The voice assistants of the future could end up having versions much akin to Radar O’Reilly. They will learn their user’s mannerisms, habits, and preferences. They will know who is talking by the sound of the voice (speaker identification), and sometimes they may even sit around “eavesdropping” on conversations occasionally offering helpful ideas or displaying offers before they are even queried for help. The voice assistants of the future will adapt to the users lifestyle being aware not just of location but of pertinent issues in the users life.

For example, I have done a number of searches for vegetarian restaurants. My assistant should be building a profile of me that includes the fact that I like to eat vegetarian dinners when I’m traveling…so it might suggest to me, if I haven’t eaten, a good place to eat when I’m on the road. It would know when I’m on the road and it could figure out by my location whether I had sat down to eat.

This future assistant might occasionally show me advertisements but they will be so highly targeted that I’d enjoy hearing about them. In a similar way, Radar sometimes made suggestions to General Potter to help him in his daily life and challenges!

Todd
sensoryblog@sensoryinc.com

Thank you SIRI!

January 27, 2012

Lot’s of thoughts…no time to share them…So I’ll be brief in a few different areas:

  1. Thank you SIRI! Now every CE Company must have speech technology. How the world has changed, and after 18 years of Sensory being one of the only speech company focused on consumer electronics, now everyone is doing it!
  2. What’s really weird is the number of chip companies and investment bankers that have been popping up on our doorsteps since SIRI shipped. Companies do move in herds!
  3. Nuance buys Vlingo.

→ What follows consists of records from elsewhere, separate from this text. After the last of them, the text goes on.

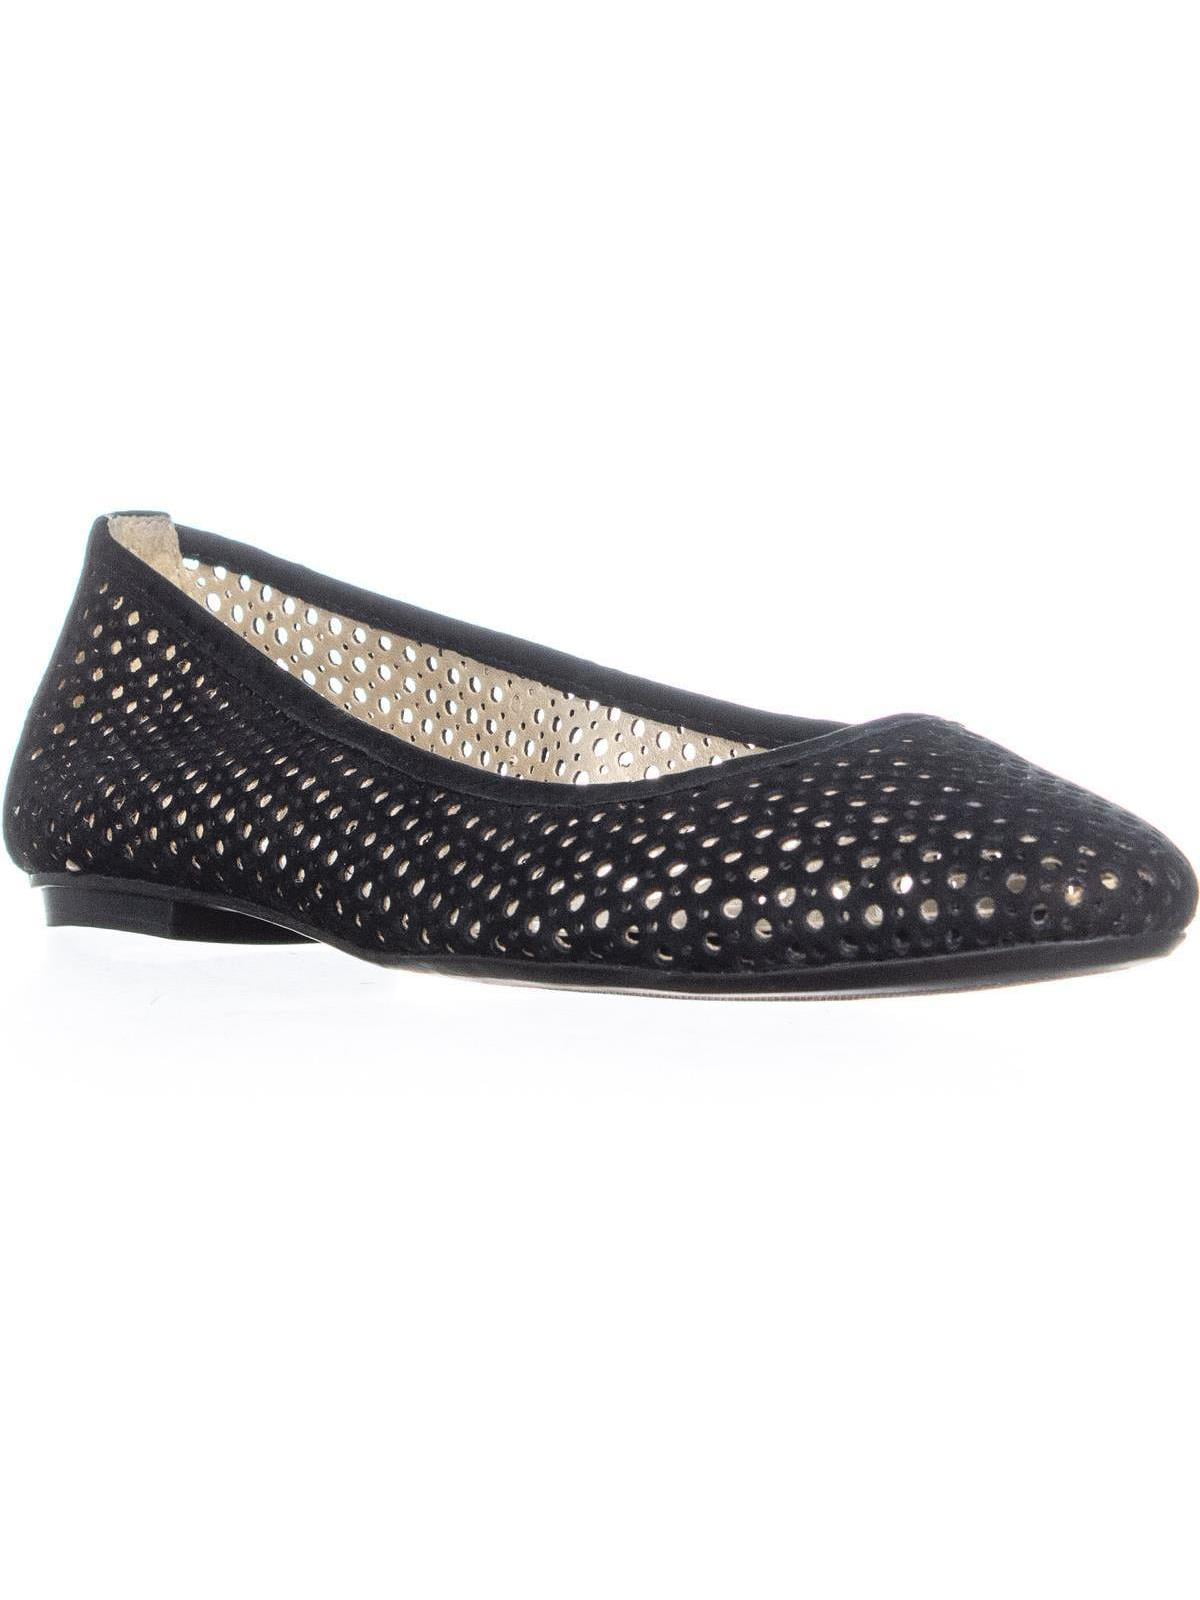 Womens French Sole League Perforated Ballet Flats, Black - Walmart.com
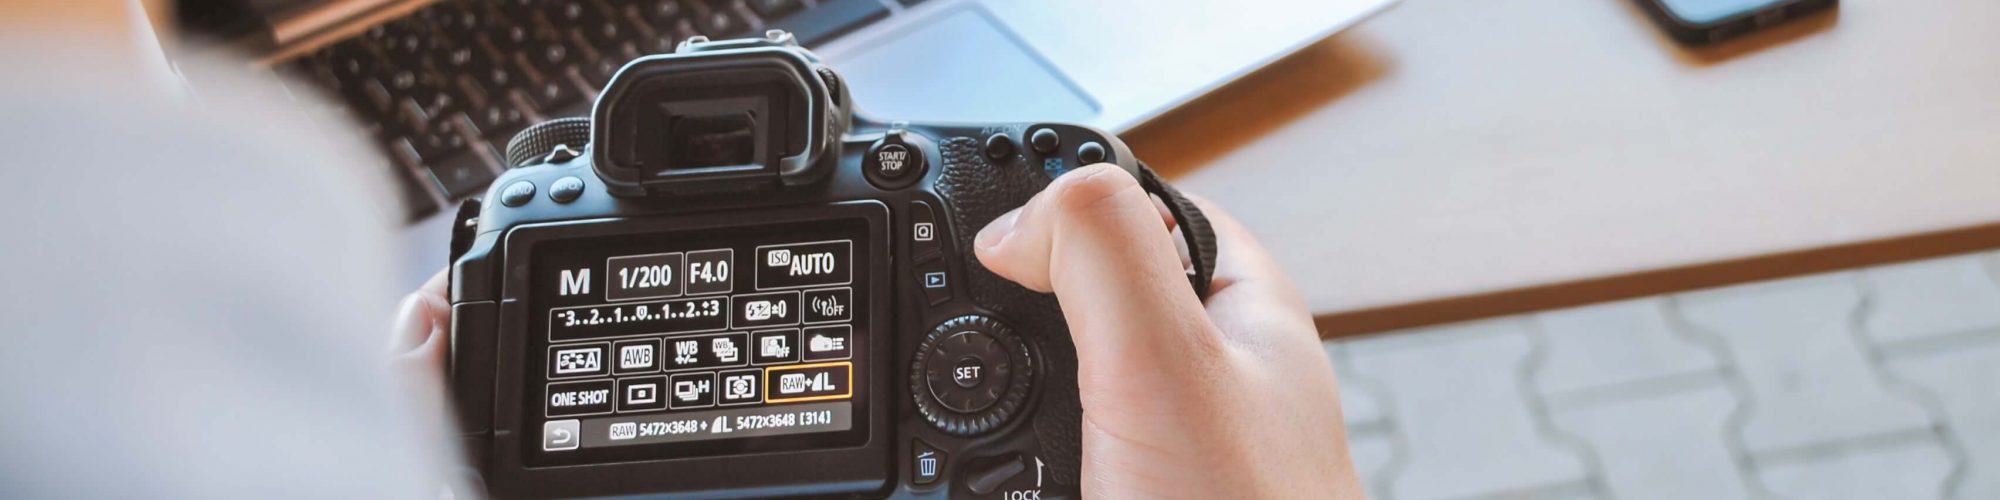 11 best sites to find freelance photography jobs
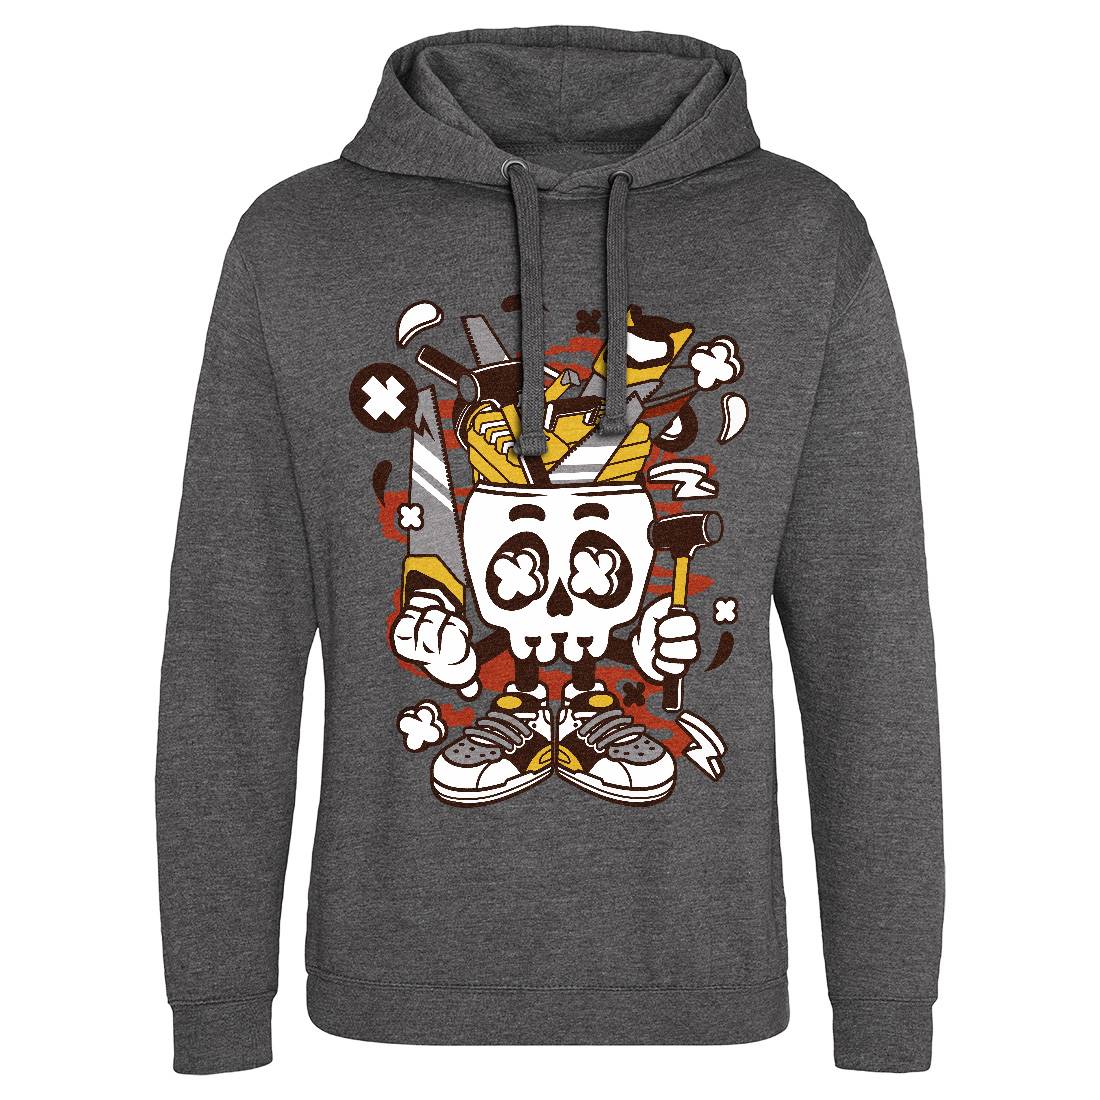 Carpentry Skull Mens Hoodie Without Pocket Work C047

Full disclosure…Vlingo is Sensory’s partner (we’ll see what happens after the deal closes.) How much was paid? (Rumor I keep hearing is the highway that runs near my house…) Why did they pay so much? (because they can, to end the personal lawsuit, to end the other lawsuits, to prevent market share from eroding, NOT to grow their technology base!)
  4. Speaking of Vlingo, I really like that their newsletter and videos that imply they are better than SIRI because they have “more hands-free functionality”…that’s TrulyHandsfree by Sensory!
  5. And what about the Justice Department’s investigation of Nuance (Don’t they have better things to do with our taxes these days?)…The Nuance/Vlingo’s position seems to be all about fighting Microsoft, Google, etc…which has some merit, but if it don’t have Android or Windows Phone, who ya gonna call? Nuance will always be on the list.
  6. Sensory news…
    • Yeah! Our TrulyHandsfree is in Samsung’s Galaxy Note, introduced at CES!
    • Monster Cable showed a cool product at CES with TrulyHandsfree™ inside…they were kind enough to invite the Sensory crew to see Chicago. GREAT CONCERT! I think there were another 20-30 or so products on the CES floor with Sensory inside!
    • We also just got nominated for a Global Mobile Award at the Mobile World Congress.
    • And who says there’s a recession still going on? Our chip-based product sales are going through the roof! The success of our IC product line is also based on TrulyHandsfree because it enables a quasi-natural language interface.
    • Where in the world is Majel???? Sensory did a voice-controlled light switch a few years back with a company called VOS Systems. They licensed the Star Trek brand, used “Computer” as the voice trigger to control the lights, and even licensed Majel Roddenberry’s voice…pretty cool!